Dès son arrivée à Blois, Gaston entreprend la réfection du château. Il charge François Mansart des travaux. Sa fille le rejoint. Ils passent d’agréables moments ensemble alternant entre Blois et Chambord. S’il est très attaché à son épouse, celle-ci est toujours exilée à Bruxelles. Par conséquent, ils ne se voient pas. Gaston courtise de nombreuses jeunes femmes. En 1637, il tombe amoureux de Louison de la Marbellière appartenant à la haute bourgeoisie de Tours. Rien n’est trop beau pour elle, d’autant plus qu’elle joue sur ses sentiments pour se refuser à lui le plus longtemps possible. En 1639, Gaston apprend que Louison a couché avec l’un de ses courtisans. Déçu et meurtri, il rompt et chasse le courtisan qui se réfugie en Hollande. De son côté, Louise accouche d’un fils. Gaston ne reconnaitra pas cet enfant, dont il doute être le père.
En 1636, la France déclare la guerre à l’Espagne. Les Espagnols envahissent le royaume par le Nord jusqu’à la vallée de la Somme. Louis XIII octroie à son frère le commandement d’une armée.
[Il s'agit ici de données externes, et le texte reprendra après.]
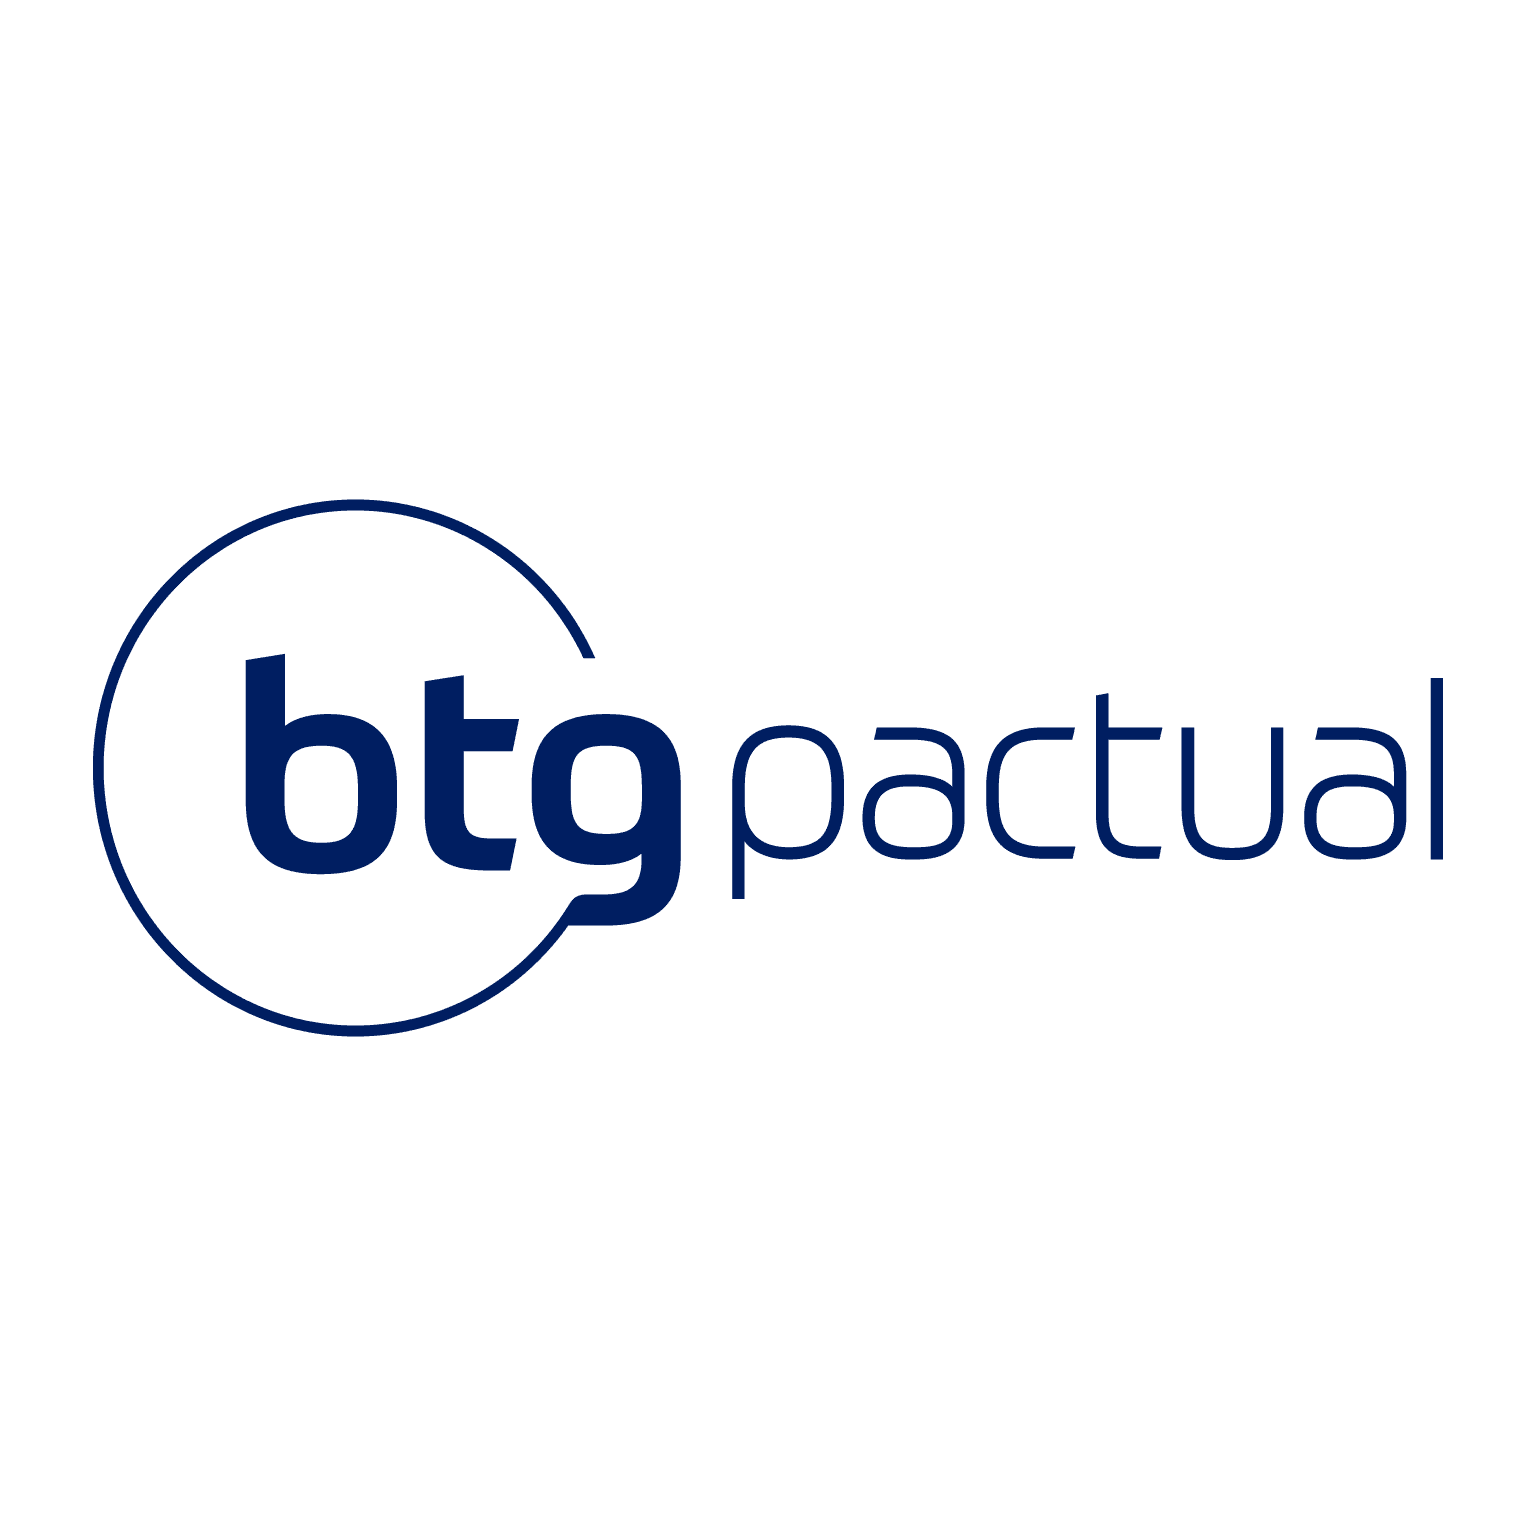 vector btg pactual

Il réussit à contenir l’avancée ennemie. Le roi reprend la direction des opérations. Gaston doit rentrer à Blois en contenant sa rage. Le 5 septembre 1638, Anne d’Autriche donne naissance au futur Louis XIV. Cet évènement porte un coup fatal aux espoirs de Gaston d’accéder au trône de France. En 1642, grâce à ses contacts en Espagne et en Lorraine, Gaston appui la conjuration de Cinq Mars, favori de Louis XIII, visant à faire tomber Richelieu. Cependant, le cardinal a vent de l’opération. Un ami proche de Cinq Mars, François de Thou avertit Gaston. Il s’enfuit en Savoie, tandis que Cinq Mars et de Thou sont exécutés. Louis XIII autorise son frère à rentrer à Blois en échange de la déchéance de ses droits sur la couronne.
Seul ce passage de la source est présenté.